Cakra, seorang dokter muda yang baru saja diangkat menjadi salah satu asisten tenaga medis di rumah sakit As-Syifa itu terlihat gusar. Tubuhnya terlihat maju mundur seperti sebuah setrika berjalan.

“Apa lagi, sih, Cakra?”

“Tolongin ane, Gus. Toloong banget!”

“Minta tolong apa lagi, Cakra? Ini sebenarnya yang posisinya asisten ente apa ane?”

“Ssssht.. Gus Aufar pliiis, ini tuh bener-benar gawat, Gus, gawat!”

“Oke, antum tarik napas dulu, lepaskan!
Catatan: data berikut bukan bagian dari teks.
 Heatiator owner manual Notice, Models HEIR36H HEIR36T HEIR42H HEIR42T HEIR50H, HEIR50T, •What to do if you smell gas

Baca istighfar, lalu bicara yang jelas!” Cakra segera mengikuti saran Aufar, lantas ia segera kembali membuka suara.

“Jadi gini, Gus. Di luar sana, pasien ODGJ sedang lepas, Gus. Semua orang kewalahan. Dia ngamuk-ngamuk, padahal tangan sama kakinya udah dirantai. Bahkan polisi pada dateng ke RS ini buat mengatasi si ODGJ itu, Gus. Kacau-kacau. Kalau ini sampai ketahuan pers bisa hancur reputasi kita, Gus.”
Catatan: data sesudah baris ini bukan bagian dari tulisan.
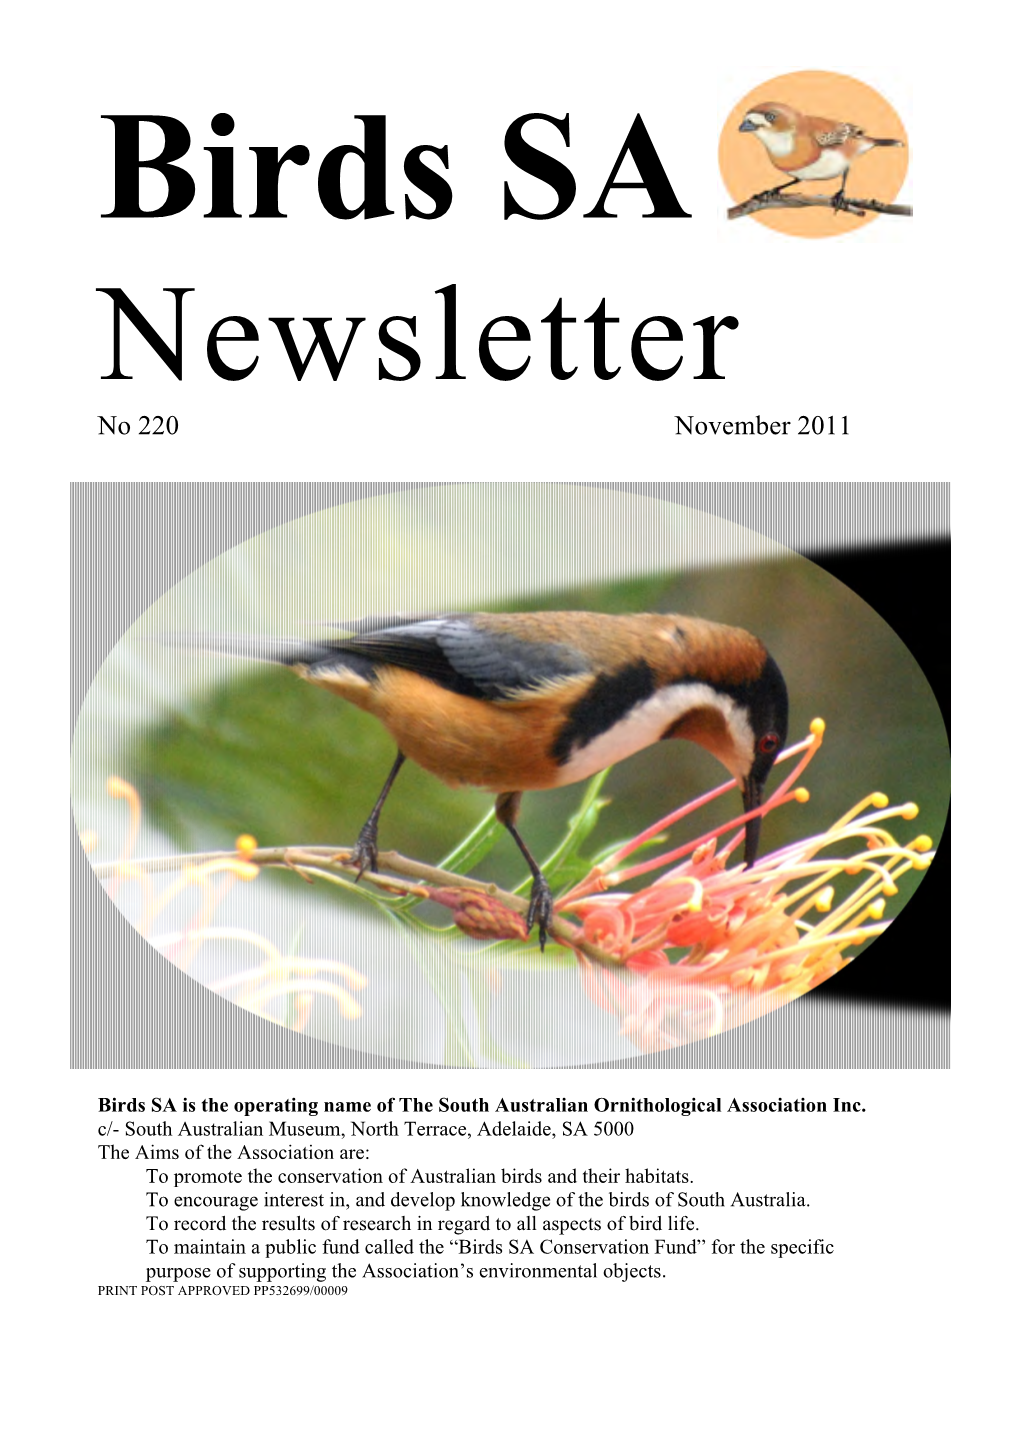 Birds SA Newsletter No. 220, November 2011

“ODGJ lepas? Kok bisa? Terus kenapa juga sampai ada polisi yang ikut campur mengatasinya? Apa masalahya seserius itu?”

“Sebenernya, ini pasien bukan cuma sekedar ODGJ, Gus. Tapi dia itu siluman, Gus. Silumaaan.”Cakra terlihat geregetan. Ia bicara sambil menggosok-gosok rambut dan kepalanya.

“Siluman? Ya Allah, ini bukan waktunya buat bercanda, Cakra.”
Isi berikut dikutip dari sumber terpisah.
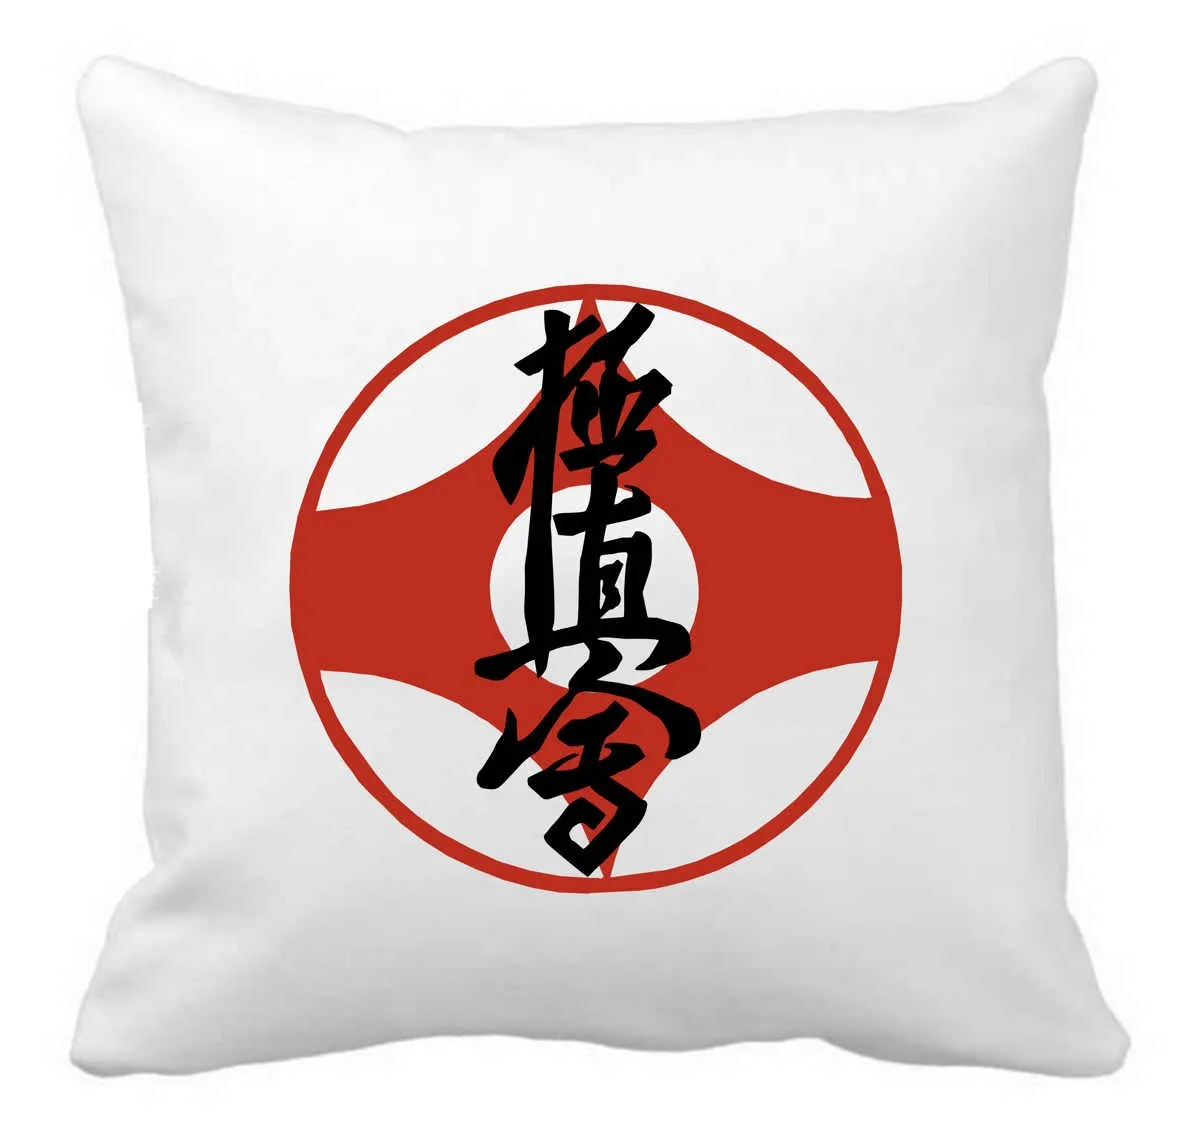 Kyokushinkai cushion

“Ane gak bercanda, Gus Aufar. Ane gak bercanda. Dia itu beneran siluman.”

“Jadi dia itu ODGJ apa siluman?”

“Siluman yang nyamar jadi ODGJ mungkin, Gus. Atau bisa jadi ODGJ yang dirasuki siluman.”

“Terus kenapa kamu justru mengundang saya, Cakra? Bukannya ada petugas khusus untuk ODGJ?”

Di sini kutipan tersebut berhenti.